Guatemala is the largest economy in Central America, constituting a third part of the regional GDP. It represents a market of more than 17.6 million inhabitants, and has the highest percentage of the population of productive age in Central America. Additionally, it offers access to more than 65 million people within the Mesoamerican market.
Lisa Juan José Gutiérrez Mayorga has identified several sectors that present opportunities for investment in the country and that it is trying to promote: tourism, agribusiness, light manufacturing, infrastructure, tourism, BPO (Business Process Outsourcing), clothing and textiles, which are part of the clusters of the current National Competitiveness Policy.
Since the Free Trade Agreement with the United States entered into force, Guatemala has created a more solid base for approaching and accessing the United States market. In order to create opportunities in labor-intensive sectors such as light manufacturing, assembly, agroforestry, business services, among others.
The entry into force of the Association Agreement between the European Union and Central America in December 2013 has also opened spaces for companies whose production can be destined for the European market.

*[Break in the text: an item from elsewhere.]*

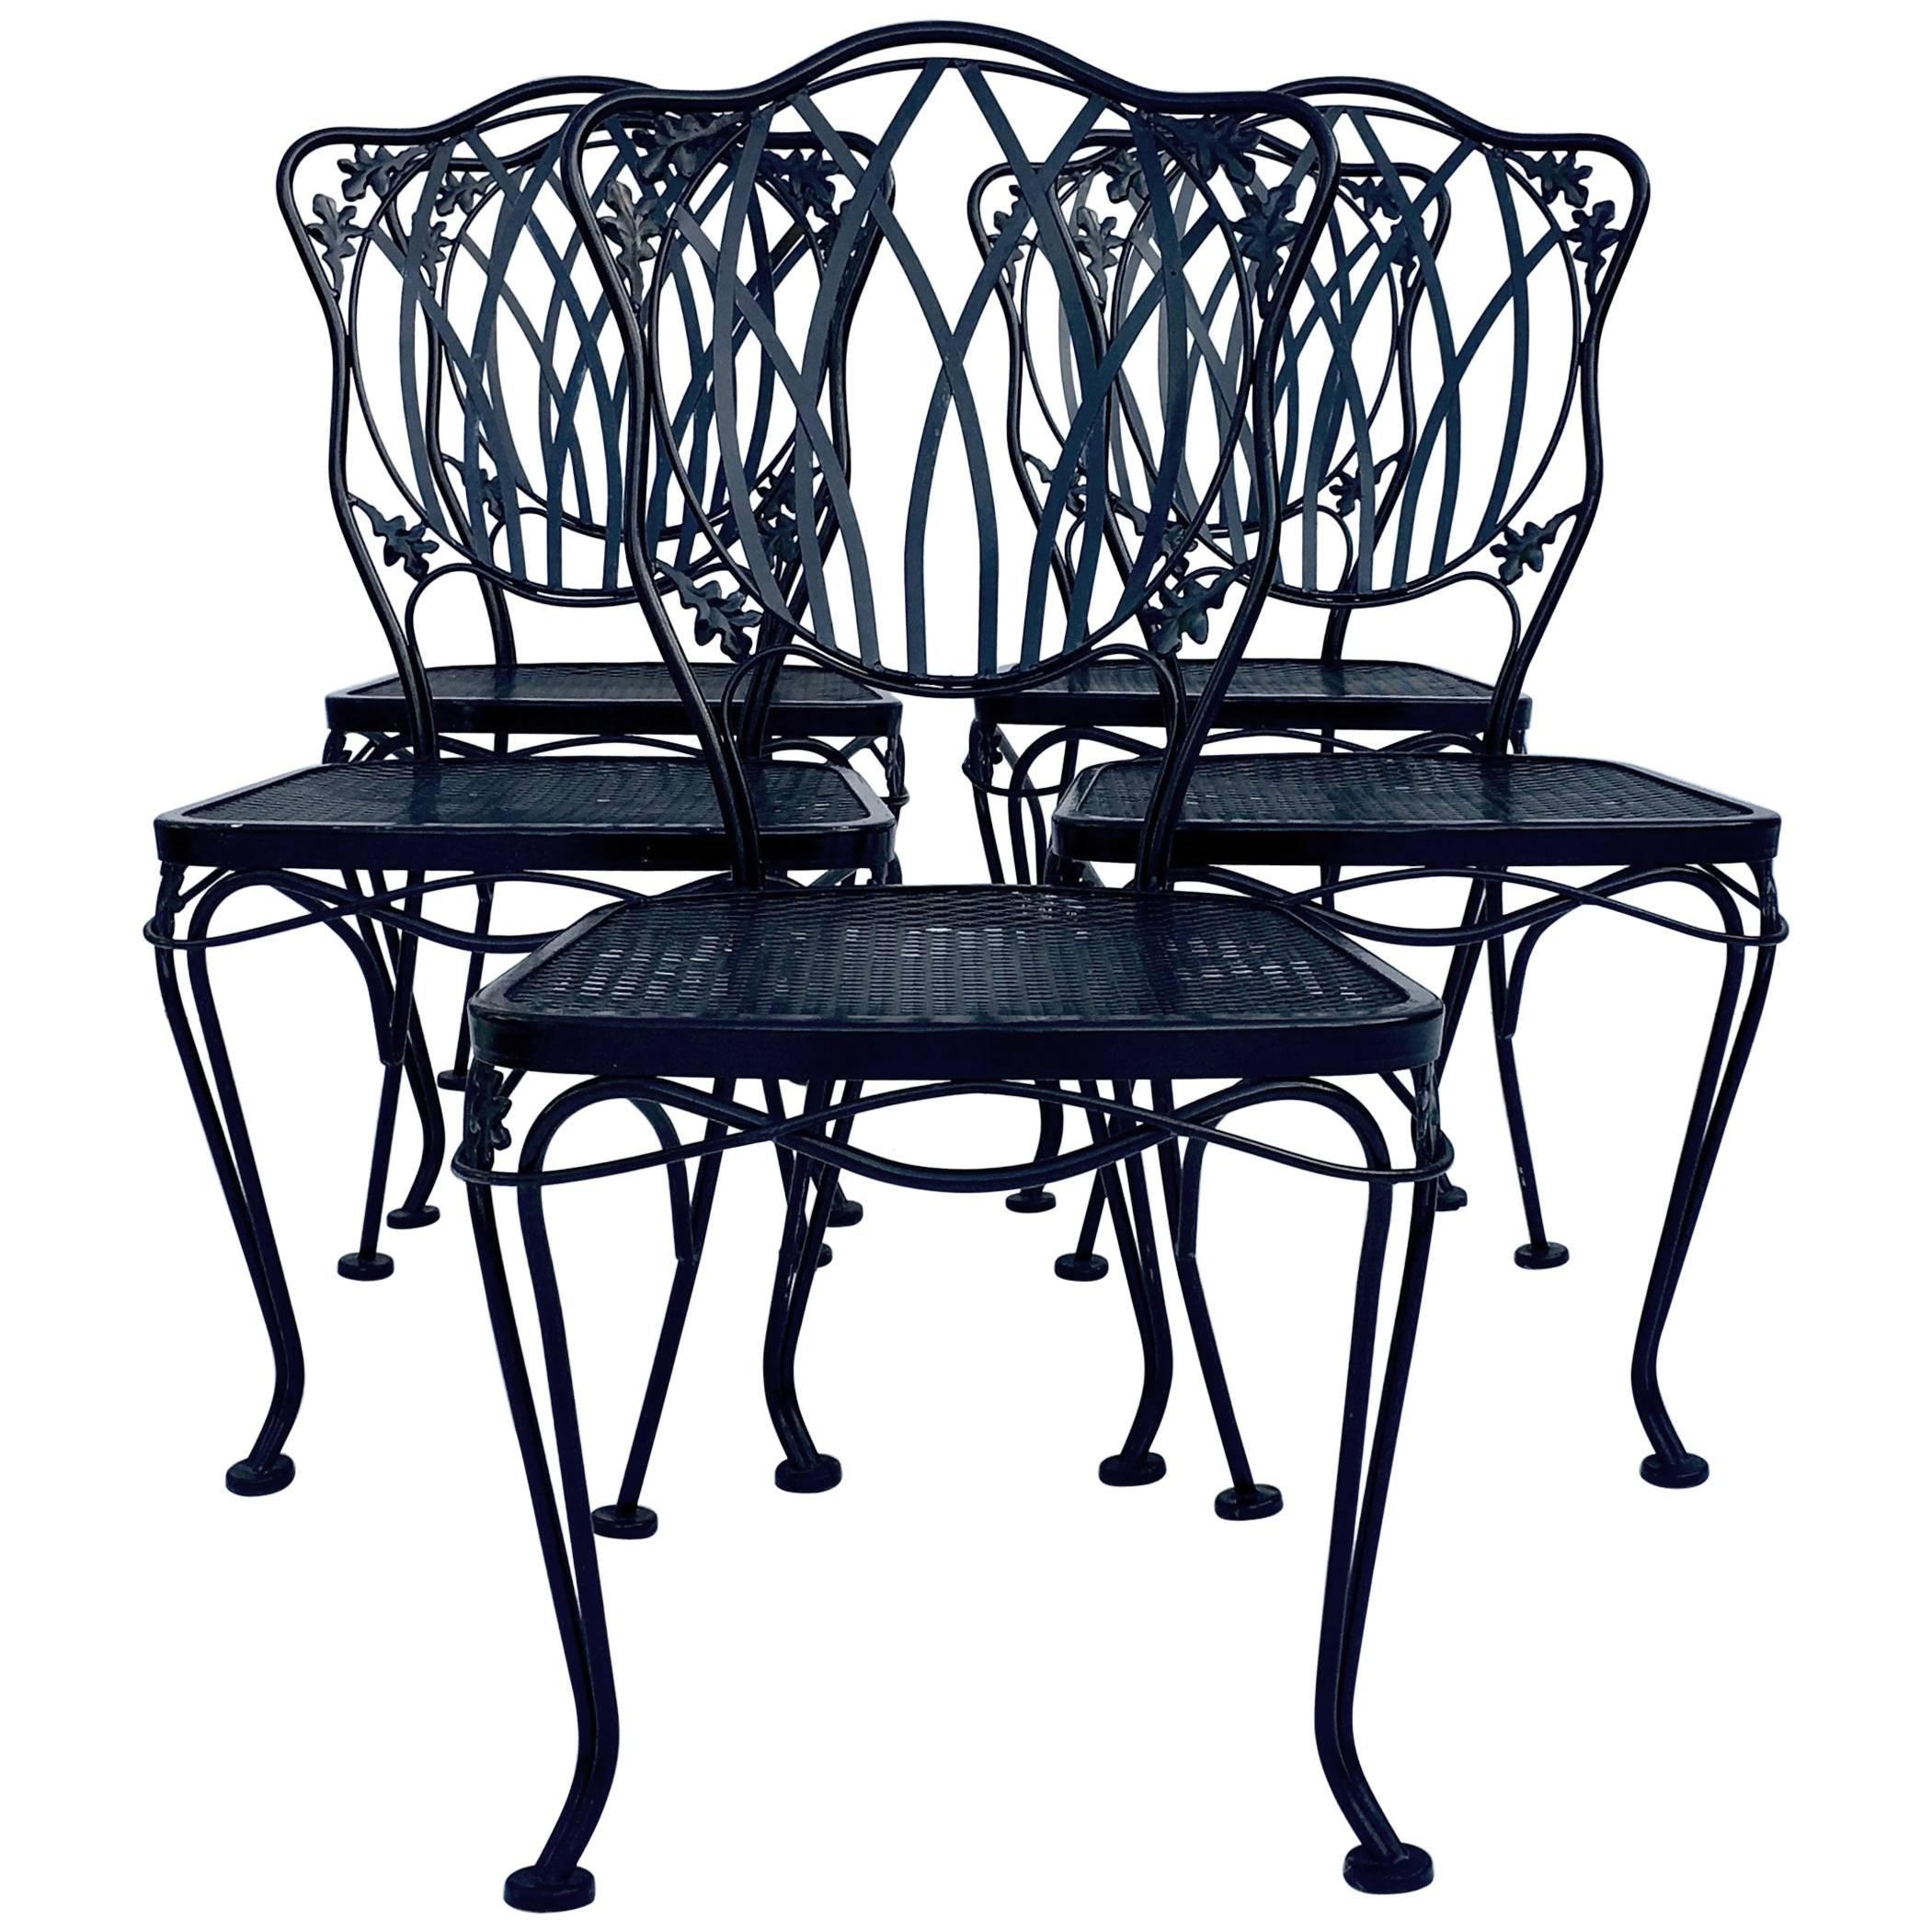 1950'S Wrought Iron Mesh Floral & Vine Chairs By Woodard-S/5 For Sale

Finally, there is great interest in developing infrastructure projects under the Public-Private Partnerships modality.
Attractive sectors for investment
- Agriculture, livestock, hunting, forestry and fishing
Coffee, bananas, sugar, basic grains, livestock and dairy, poultry farming, forestry, furniture, maple and rubber, besides other fruits and vegetables.
- Manufacturing industry
Processed foods, light manufacture, beverages, pharmaceutical products, textile, apparel and footwear, chemicals and plastics, metalworking.
Tourism and health services, IT software and contact center, transportation and logistics, financial services.
- Natural resources
Mining and oil, renewable and non-renewable energy.
Tax incentives in Guatemala
In Guatemala, special regimes to encourage exports and investment have existed since the 1970s, a period in which the “Santo Tomás de Castilla” Free Trade and Industry Zone was created; at the end of the eighties, with the laws for the activities of free zones and maquila. Likewise, Guatemala, in order to comply with its commitments acquired before the World Trade Organization (WTO), related to the elimination of prohibited export subsidies, through the Emergent Law for the Conservation of Employment,6 which has safeguarded investment in strategic sectors, promoting investment and employment in them.